§ **EXERCISE DESCRIPTION**
Look through the records below, and whenever a line contains "Ideas", copy it.

§ **DATA PROVIDED**
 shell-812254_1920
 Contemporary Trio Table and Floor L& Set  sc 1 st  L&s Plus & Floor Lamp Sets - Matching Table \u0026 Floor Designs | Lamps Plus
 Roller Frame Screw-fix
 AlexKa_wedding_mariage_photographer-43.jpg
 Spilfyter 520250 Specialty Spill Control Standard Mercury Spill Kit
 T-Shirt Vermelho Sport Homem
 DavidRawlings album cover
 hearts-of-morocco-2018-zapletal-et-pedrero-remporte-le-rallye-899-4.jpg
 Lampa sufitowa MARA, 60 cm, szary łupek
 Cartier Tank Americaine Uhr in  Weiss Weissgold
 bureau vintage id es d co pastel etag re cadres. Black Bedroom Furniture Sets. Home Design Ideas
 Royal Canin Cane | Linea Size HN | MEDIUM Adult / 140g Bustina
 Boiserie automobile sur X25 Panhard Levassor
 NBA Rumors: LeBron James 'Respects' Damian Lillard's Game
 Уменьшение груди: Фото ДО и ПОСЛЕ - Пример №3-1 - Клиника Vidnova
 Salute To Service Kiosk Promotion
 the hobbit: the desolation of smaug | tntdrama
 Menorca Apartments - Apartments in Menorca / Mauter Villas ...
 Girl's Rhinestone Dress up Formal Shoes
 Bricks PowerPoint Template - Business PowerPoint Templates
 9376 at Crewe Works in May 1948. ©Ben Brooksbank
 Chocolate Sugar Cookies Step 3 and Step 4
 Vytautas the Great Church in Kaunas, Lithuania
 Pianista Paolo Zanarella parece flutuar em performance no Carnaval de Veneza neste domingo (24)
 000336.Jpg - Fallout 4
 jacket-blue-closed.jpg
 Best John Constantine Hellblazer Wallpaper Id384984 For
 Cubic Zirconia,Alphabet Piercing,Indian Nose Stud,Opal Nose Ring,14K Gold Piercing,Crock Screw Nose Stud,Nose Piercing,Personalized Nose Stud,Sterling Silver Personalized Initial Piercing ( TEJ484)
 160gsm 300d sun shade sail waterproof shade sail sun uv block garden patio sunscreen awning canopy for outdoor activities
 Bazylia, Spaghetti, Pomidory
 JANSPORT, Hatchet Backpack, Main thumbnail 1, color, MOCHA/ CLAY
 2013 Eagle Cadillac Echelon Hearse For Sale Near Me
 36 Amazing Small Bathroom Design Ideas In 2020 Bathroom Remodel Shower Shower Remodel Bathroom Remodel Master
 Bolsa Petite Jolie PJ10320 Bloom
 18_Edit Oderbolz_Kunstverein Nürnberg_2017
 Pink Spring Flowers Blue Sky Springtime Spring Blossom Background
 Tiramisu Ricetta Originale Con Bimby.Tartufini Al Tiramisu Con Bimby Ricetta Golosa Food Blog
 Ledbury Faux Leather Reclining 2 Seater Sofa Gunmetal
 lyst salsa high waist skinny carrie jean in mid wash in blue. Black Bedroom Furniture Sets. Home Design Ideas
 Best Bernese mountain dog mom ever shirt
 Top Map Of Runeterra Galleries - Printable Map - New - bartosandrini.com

§ **EXPECTED OUTPUT**
 bureau vintage id es d co pastel etag re cadres. Black Bedroom Furniture Sets. Home Design Ideas
 36 Amazing Small Bathroom Design Ideas In 2020 Bathroom Remodel Shower Shower Remodel Bathroom Remodel Master
 lyst salsa high waist skinny carrie jean in mid wash in blue. Black Bedroom Furniture Sets. Home Design Ideas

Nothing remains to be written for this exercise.